Ohhhhh, well dogs like pekes definitely blow coat. If they are in warm weather for long they will blow coat. Pups will shed their coat to get that nice thick adult coat and undercoat pekes have. Maltese, on the otherhand, only have a single layered coat..no undercoat. Their coat may change texture or get wavy with time but they don't normally lose their coats like pekes, poms, etc.


----------



## kristiekellogg (Feb 1, 2006)

> Well, I don't know anyting about their coat changing, but I just wanted to say your girl is darling! She's soo pretty.
> 
> 
> 
> ...


THANK YOU! Kea is the love of my life!



> Ohhhhh, well dogs like pekes definitely blow coat. If they are in warm weather for long they will blow coat.
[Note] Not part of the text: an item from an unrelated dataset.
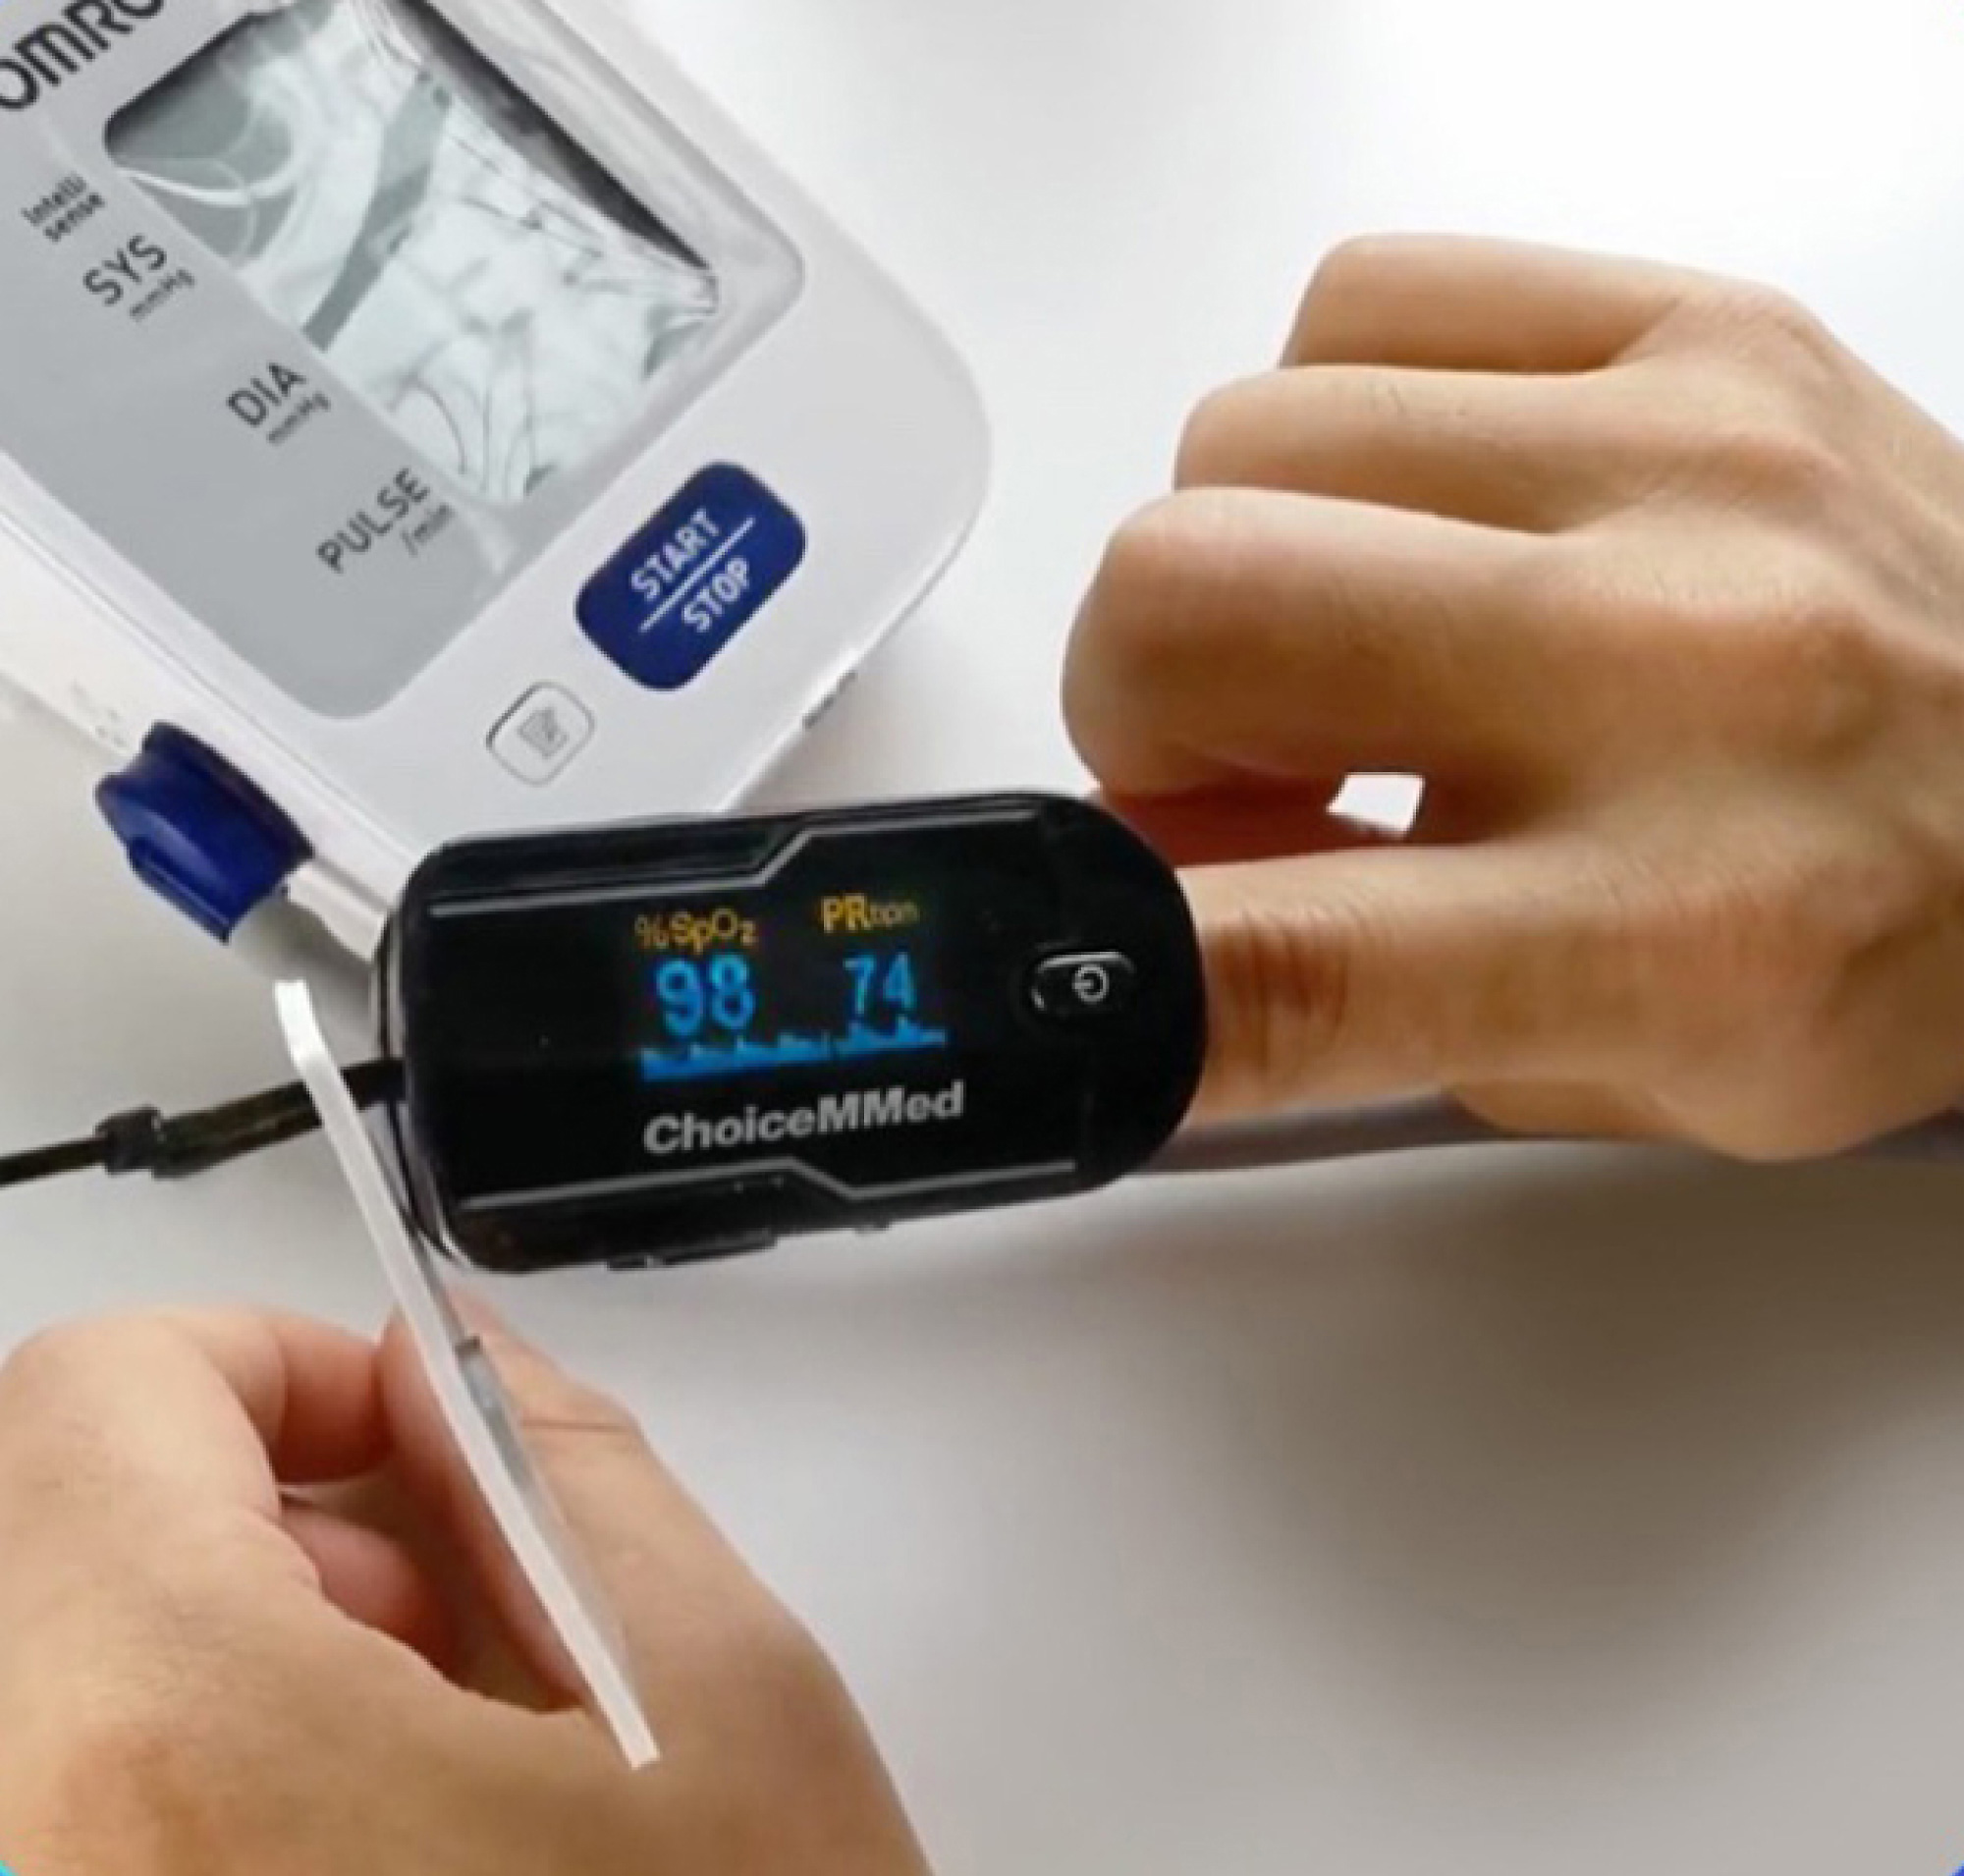 Oseba uporablja pulzni oksimeter na prstih za merjenje nasičenosti saturacije in hitrosti impulza, prikazanega na digitalnem zaslonu naprave.

Pups will shed their coat to get that nice thick adult coat and undercoat pekes have. Maltese, on the otherhand, only have a single layered coat..no undercoat. Their coat may change texture or get wavy with time but they don't normally lose their coats like pekes, poms, etc.[/B]


OHHH...okay thank you! The lady at the vet said my Kea would do the same thing. Guess I shouldn't believe everything I hear








THANKS for all the help!


----------



## dolcevita (Aug 3, 2005)

I'm confused, because my groomer said that if Dolce had her hair cut short or clipper-cut while she's transitioning to an adult coat, then the cottony puppy coat would never go away. Has anyone ever heard that?

I don't know if Dolce is blowing coat or what, but in the past 2 weeks, her hair has been impossible. She gets tangles and matts so easily now; even though I brush every day, I can't keep up with it. I wanted to cut it short, but the groomer has me afraid that if I do, then she'll never get her adult coat. It doesn't make sense to me, but I'm paranoid just the same. Maybe she's thinking of breeds like peeks and poms?


----------



## Furbaby's Mommie (Jul 10, 2004)

Maltese don't "shed", so it follows that they can't "BLOW" their coat. The changes will be very gradual, like a human baby's hair changing.


----------



## Maltese Please (Apr 20, 2006)

*It is true that the single coated, human-hair-like maltese does not "blow a coat" but they do go through what some call a "COAT TRANSITION" - I have found it to be around 4-6 months but sometimes later. It is when maltese SOMETIMES (not always) get more dense or less dense hair growing from the roots to about 1 inch past the roots where the hair connects to the body. During this time, especially if you have a heavy silk or more cotton-coated maltese... you will see dozens of tiny little knots forming where the "old longer hair" meets the "new, growing hair. This may or may NOT be a different texture, but you will be able to tell by how the new hair seems more silky or cottony or even WAVY, close to the skin. The best thing to do is to brush VERY carefully first and then use a coarse comb, and finally a fine comb... to keep up with the change. If you survive the mats during this time haha, most furbabies seem to have silkier hair as a result. I know this happened with my Snow White and she has a heavy silk coat (more dense instead of baby fine like Mickey Mouse's puppy coat.) Also the final product will hang longer, straighter, and silkier usually.

If you have other questions, let me know because there are certain things you can do like keeping the har hydrated during this time to avoid issues. Hope this helps!*


----------



## dolcevita (Aug 3, 2005)

Is it true that if you cut the hair short or shave it during the transition time that the silkier adult hair will never come in? I think Dolce is at the transition stage, because in the past 2 weeks her hair has been very difficult to manage and she seems to get mats overnight. She has a bunch of mats right now, and I'm afraid the groomer is going to have to shave her. It breaks my heart, because her long hair is so pretty.


----------